The MMA method for MTWA testing uses a “temporal domain” in which T-waves alternans are assessed as a continuous variable along the complete ECG (see Figure 1). The method divides a series of beats (often 8 or 32) into even and odd compartments. The morphology of the beats in each compartment is processed as a running average. This updating limits the contribution size of any given incoming beat, including aberrant beats. Furthermore, a non-linear filter is applied to every new beat in the running average to reduce sporadic artifacts. The resulting T-wave alternans magnitude (power level) is calculated as the maximum difference in amplitude between the even-beat and odd-beat average in ST-T segments (or JT intervals). The T-wave alternans magnitude as measured by the MMA method appears to be larger (20–70 μV) than that measured by the SA method, which averages the difference across the entire JT interval. Unlike the SA method, the MMA method of MTWA testing does not use specialized electrodes.

Compared to the SA method, the MMA method is relatively non-standardized in terms of how data is collected (investigators have used various combinations of ECG leads) and how results are interpreted (there is no established voltage level indicative of a pathologic test result, and voltage cut-points appear to vary depending on the population under study).

C. Health Disparities

The subjects in key clinical trials evaluating the utility of MTWA testing in patients with left ventricular dysfunction were predominantly male (~75-85%). The proportion of women was higher in studies of advanced heart failure whether ischemic and non-ischemic in origin (~30%) and in studies for other clinical indications (~40%) (FINCAVAS series). This finding, in part, reflects the prevalence and earlier onset of coronary heart disease in men.

Racial and ethnic information was not included in the majority of studies. This lack of evidence about racial and ethnic factors is an evidence gap and may be clinically important given the potential for more T-wave alternans aberrancy in non-Caucasians.

None of the clinical trials included demographic information on other population classifiers historically associated with healthcare access or outcome disparities, such as religion, ethnicity, and sexual orientation.

D. Analysis Summary

There are no published high quality studies that directly address the research question posed in this National Coverage Analysis (NCA). There was no prospective randomized controlled trial examining the MMA method, nor any prospective head-to-head comparative studies of the MMA and SA methods. There is insufficient evidence to conclude that the two methods of MTWA testing, SA and MMA, are substantially comparable. These are different technologies that operate with different technical parameters based on fundamentally different approaches. Moreover, there is considerably less standardization in test parameters (microvolt thresholds, which leads to interpret, etc.) among studies using the MMA method compared to those using the SA method. Finally, the published evidence is not readily generalizable to the Medicare population.

IX. Conclusion

CMS was asked to reconsider our national coverage determination (NCD) on microvolt T-wave alternans (MTWA) diagnostic testing to extend coverage to the modified moving average (MMA) method. CMS' interest in MTWA testing is in the risk stratification of Medicare beneficiaries who may be at risk for sudden cardiac death (SCD). CMS proposes that there is insufficient evidence to conclude that the MMA method of determining MTWA improves health outcomes for Medicare beneficiaries at risk for SCD and we therefore find that it is not reasonable and necessary under section 1862(a)(1)(A) of the Social Security Act (the Act).

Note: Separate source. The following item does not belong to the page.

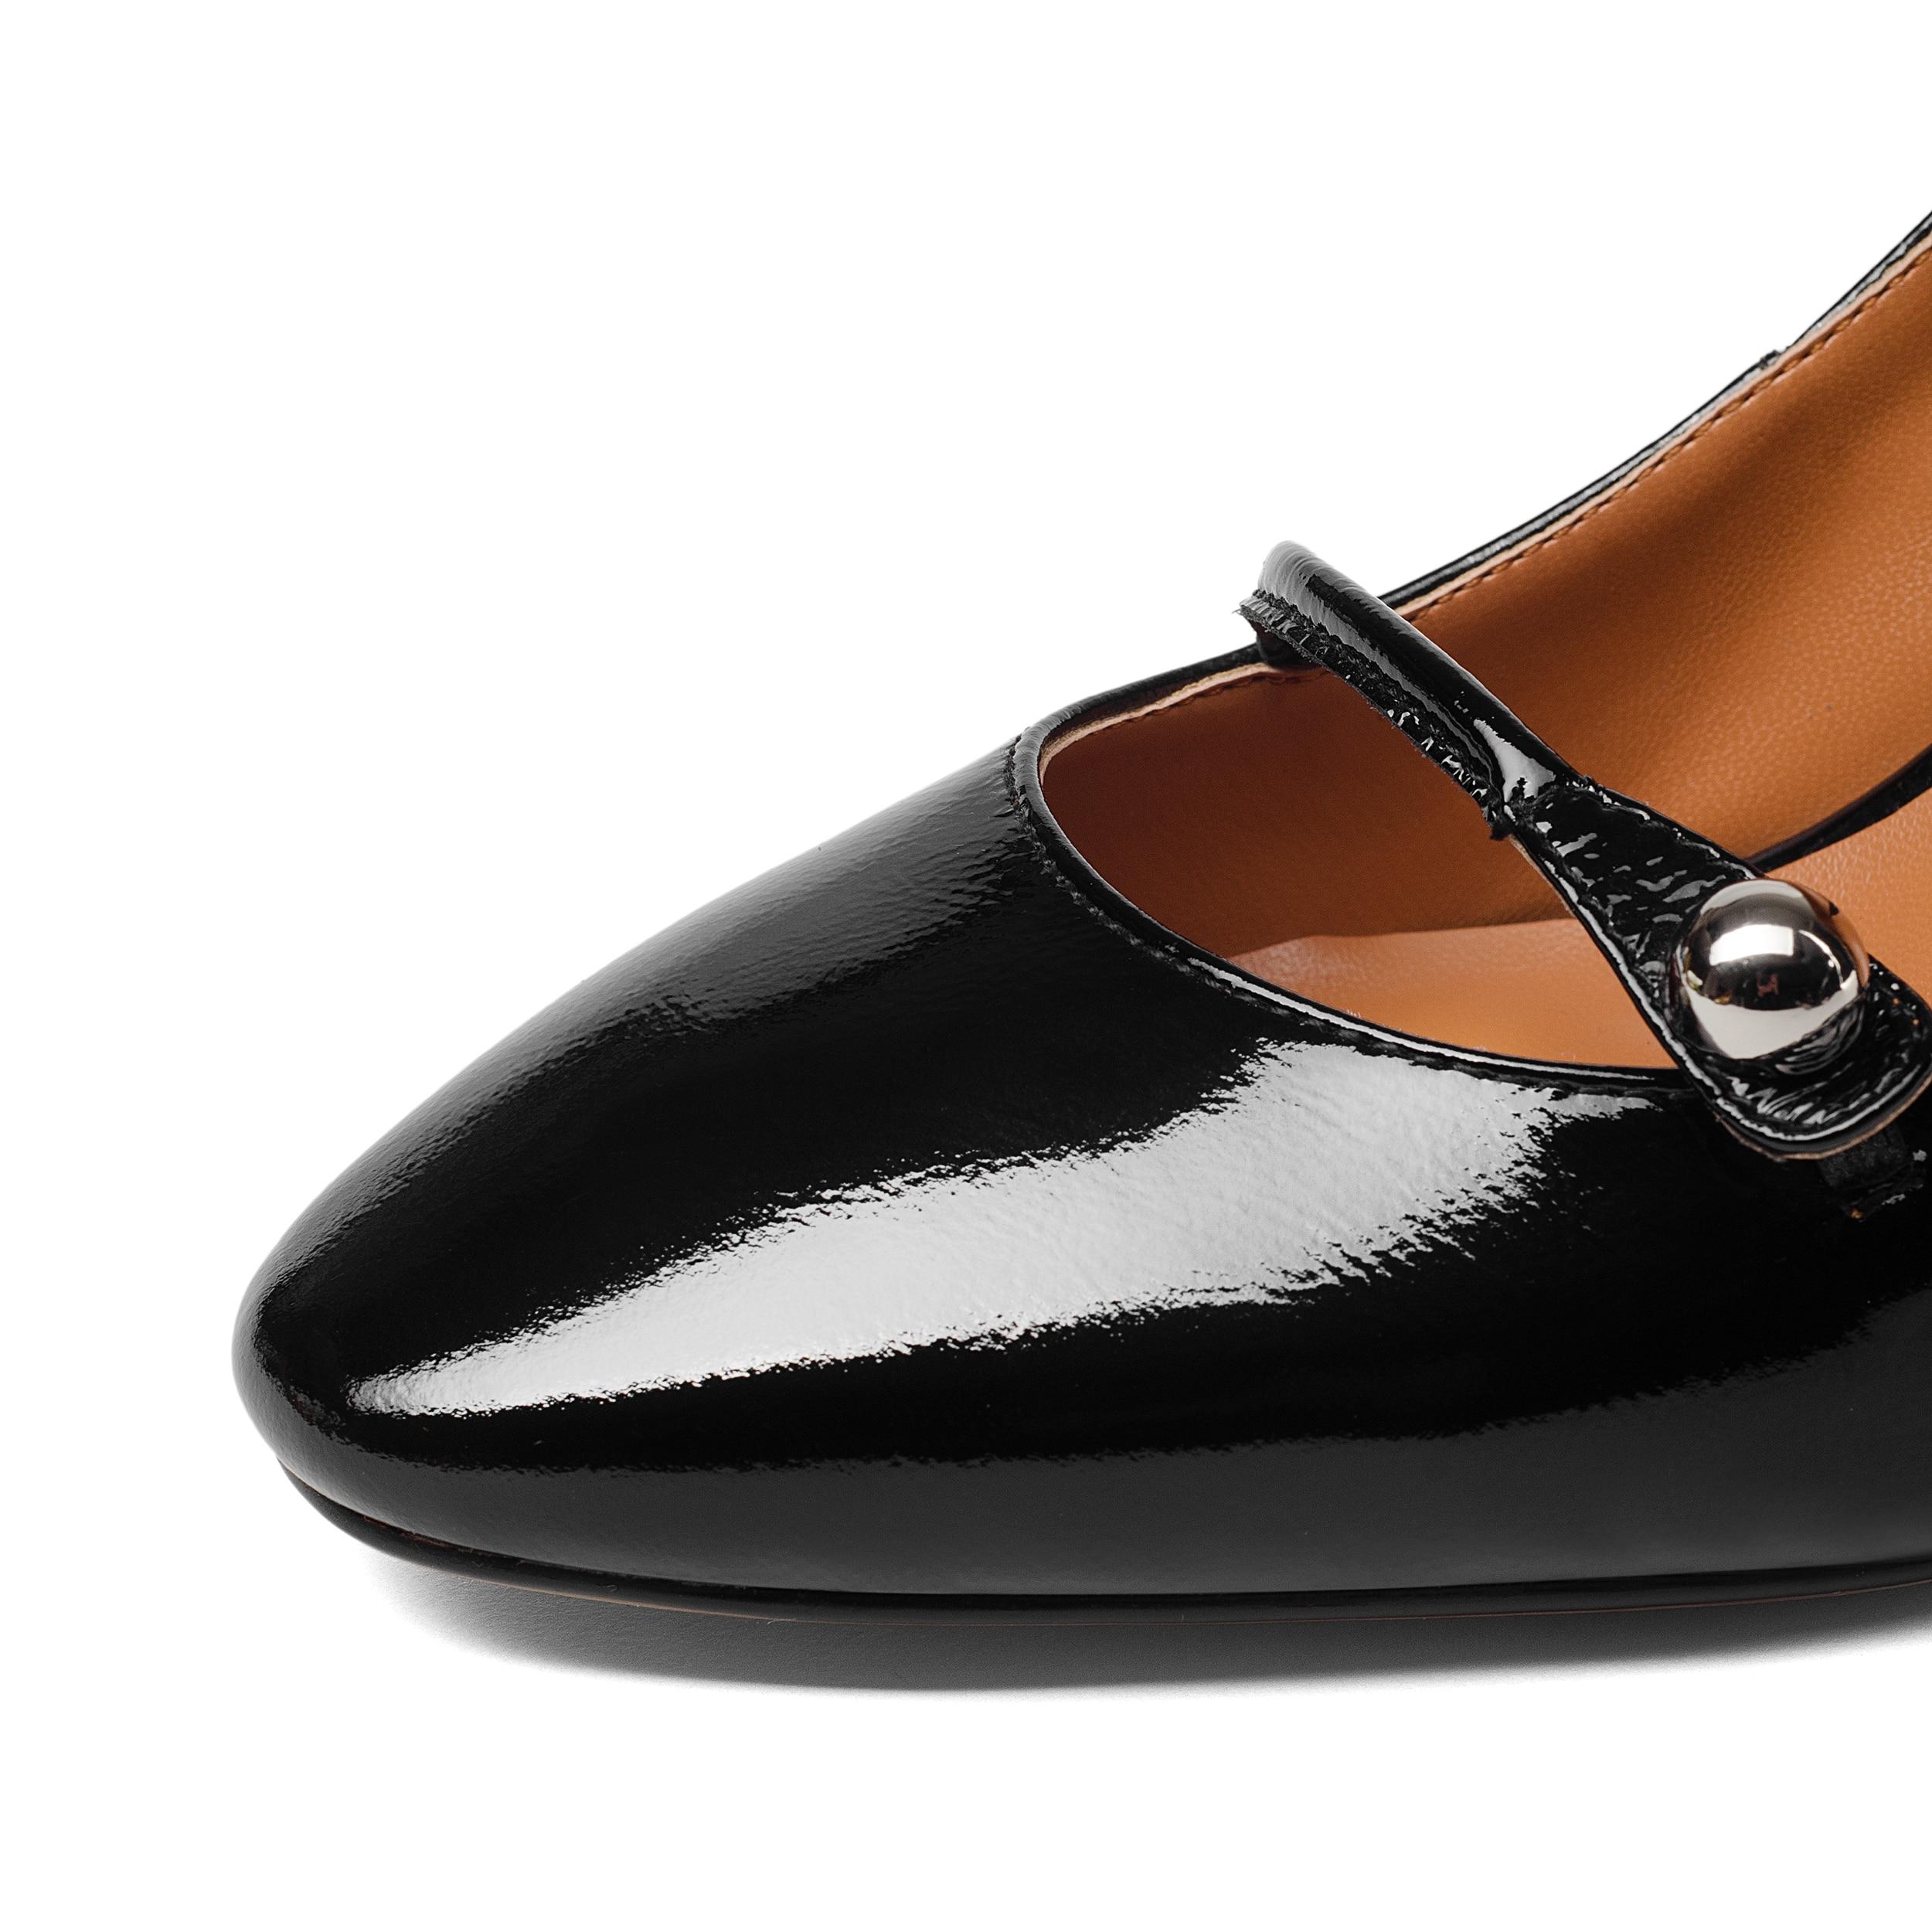 Taille Femmes Talons jaune Véritable Épais Souliers Cuir Chaussures 8 Indaco À Hauts Cm Pour Grande Noir 2019 UxavFwdqUt

CMS is seeking comments on the proposed decision. We will respond to public comments in a final decision memorandum, as required by §1862(1)(3) of the Act.

Appendices

General Methodological Principles of Study Design (Section VI of the Decision Memorandum)

When making national coverage determinations, CMS evaluates relevant clinical evidence to determine whether or not the evidence is of sufficient quality to support a finding that an item or service is reasonable and necessary. The overall objective for the critical appraisal of the evidence is to determine to what degree we are confident that:
1) the specific assessment questions can be answered conclusively; and
2) the intervention will improve health outcomes for patients.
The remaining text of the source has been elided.